(Editor’s note: Current commentary in italics, otherwise copy is reprinted just as it was in the August 8, 1895 edition of the RANGELEY  LAKES newspaper).

I hate my TV. I turn it on to get the weather and the unrelenting PAC funded political ads fill my living room with insults and lies about the opposing candidate and then a new ad runs with a candidate sharing how much the other side is lying about them.  It is no surprise that there has always been, liars, but according to this Rangeley Lake steamboat captain, the worst offender is the Trout fisherman…

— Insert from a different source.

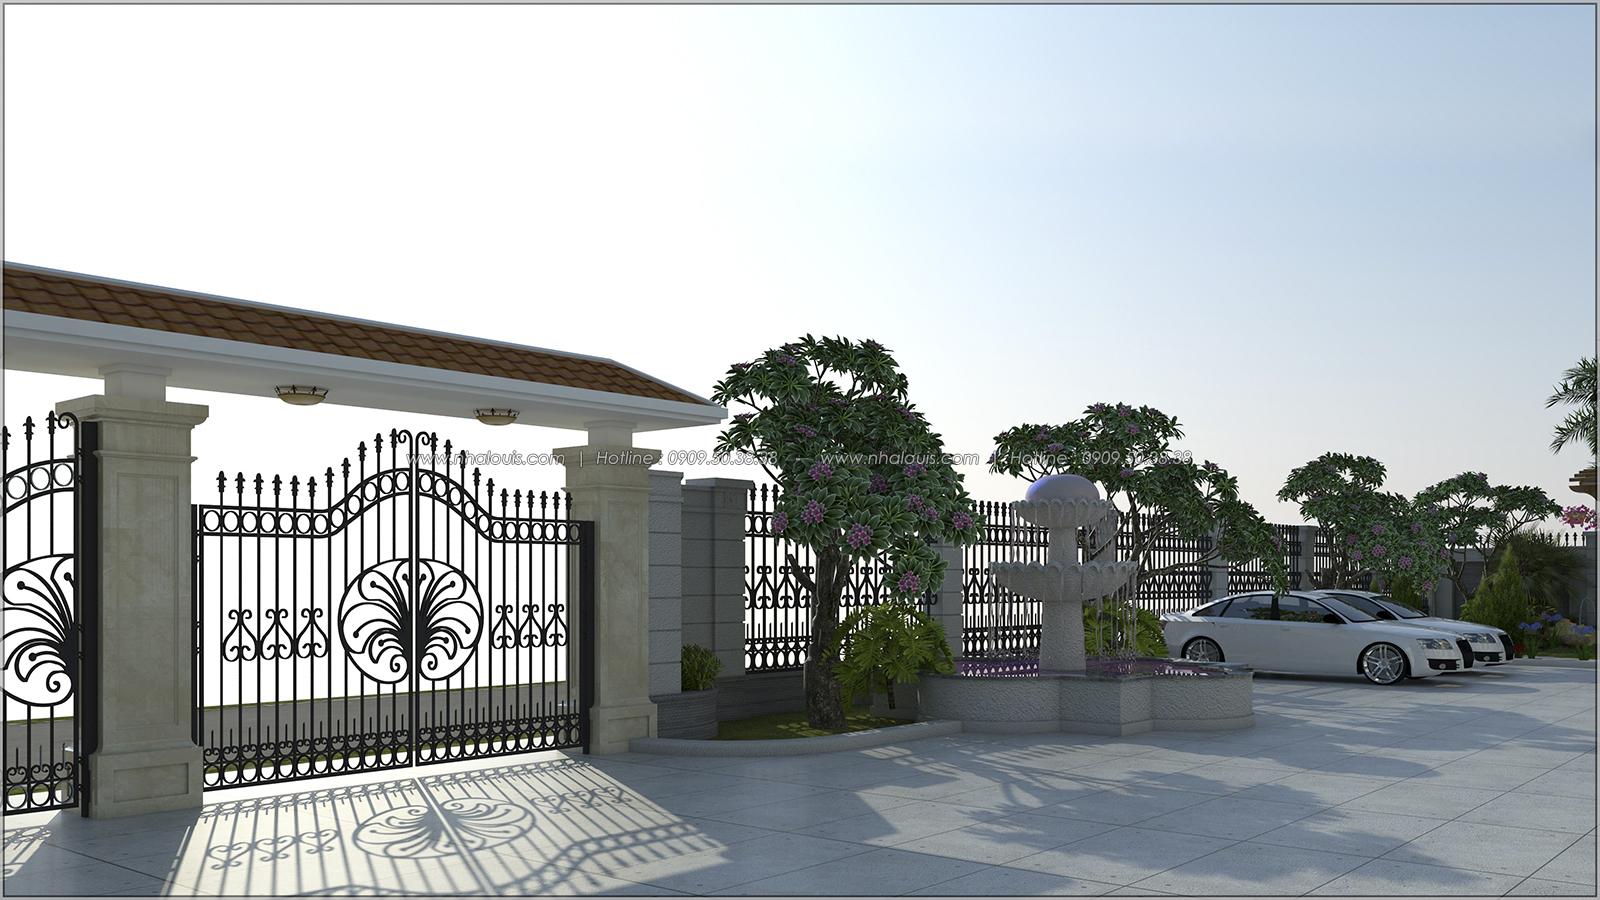 Những tiêu chí cần có để thiết kế kiến trúc và xây dựng nhà đẹp - 03
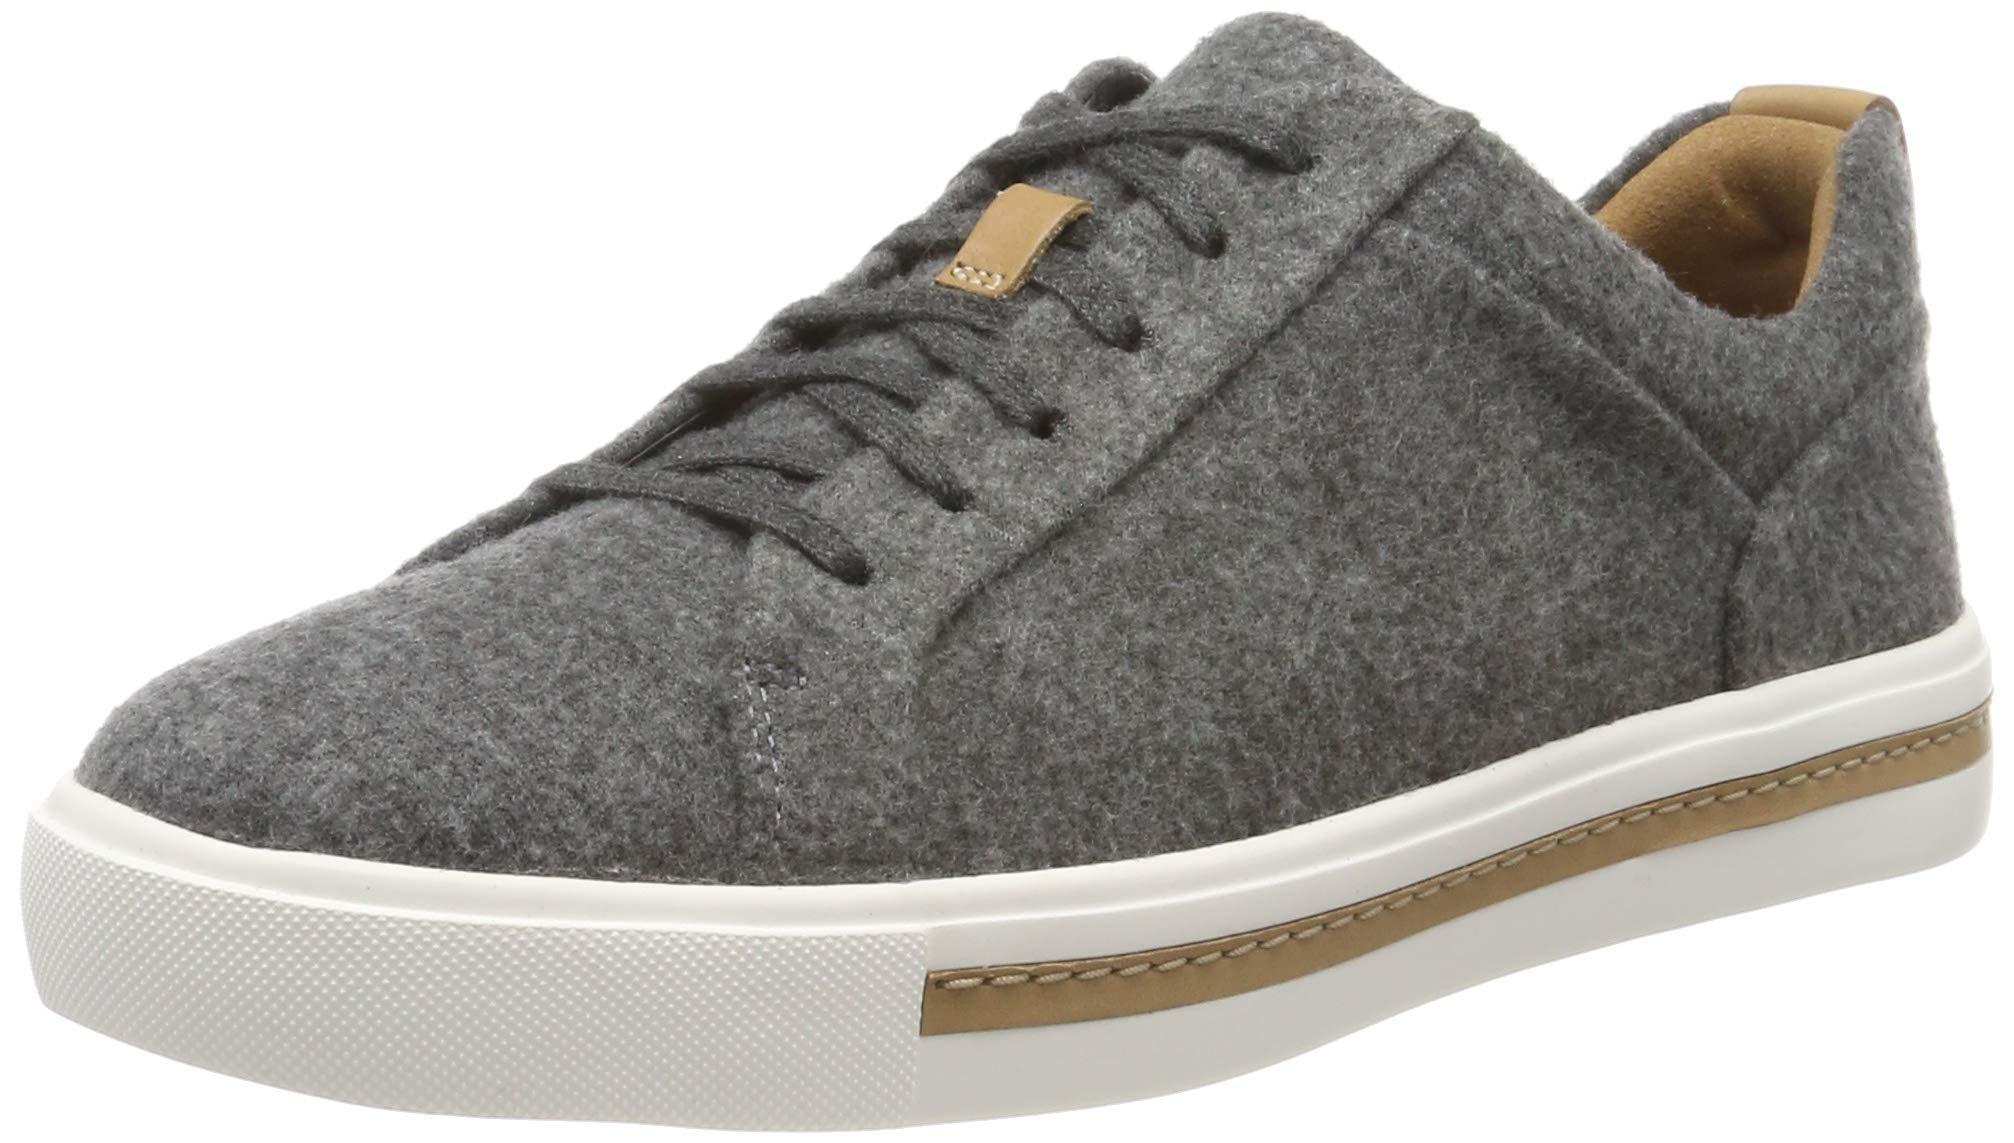 Maui Eu LaceSneakers Grey Clarks Basses Textile40 Un FemmeGris rxBWCodeQE

“The trout liar,” said Captain Herbert, “is the gem of all fishers. He is the saddle rock liar; a moose among antelopes; Hyperion to satyr; he is the long-tailed comet among quiet twinklers. The trout liar must be born with a peculiar fitness for the task, and then he must be educated to it and devote himself to trout lies as a life work. There are several kinds of trout liars. The liar of weight who never catches more than half a dozen trout a day, but they each weigh anywhere from five to ten pounds. Then there is the liar of numbers, who always catches many dozen in one hour and twenty-eight minutes. And there is the liar of places, who knows hidden pools, dark and still, in the rocks, that are just boiling over with trout; and he takes you under many oaths of secrecy, and by stealthy, circuitous routes, to these places, and you fish in them for eight mortal hours without a nibble. But you can never corner a trout liar. Arithmetic, fact, science, probabilities, precedent, general principles, and the eternal fitness of things may combine in overwhelming array to prove him the awfulest liar in America! It doesn’t disturb him. He lies on calmly, confidently, enthusiastically, always locating the scene of his lies so far away that he is pretty certain you will never go there.”

A Trout Fisherman who did not have to lie

This little excerpt caught my eye. It tells of a waterfall I have not seen before. I assume that it is out on the U.S. Navy’s training area in Redington where the railroad came through the mountains from Phillips. Sluice hill is mentioned often in the old papers as being a very steep grade on the line…

Lorelei Cascade

This beautiful little cascade situated on top of Sluice hill on the Phillips & Range- ley road is to be fixed up in fine style. This week Charles Allen, Mell Cushman and Eld. Roberts put in a little work clearing out the old logs and brush at the top. Supt. Davis is to have it all cleared away and stairs built, and the passengers given a chance to go down and see it.

Sluice Hill is mentioned again in this portion of the paper. At the time, there was mostly cleared pasture around Rangeley and cows outnumbered people at least 30 to 1…

Railroad Notes

Chasing cattle with a train of twelve loaded cars, and a coach, coming down Sluice Hill grade, on the P. & R., is very exciting, but the thought of the result, should the engine catch one of them, adds a feeling not akin to pleasure. Last week the afternoon train had that experience. When coming round a curve at good speed the engineer discovered several cattle a short distance ahead. The whistle for down brakes, meant more to the brakeman than it would on any other portion of the road, and it is doubtful if Bob McMullen, Chas. Allen and Conductor Smith ever set brakes quicker and ran from car to car faster, than they did at that time. The train was stopped but the whistle had to be repeated before the cattle took to the woods. A railroad man’s life is not all pleasure.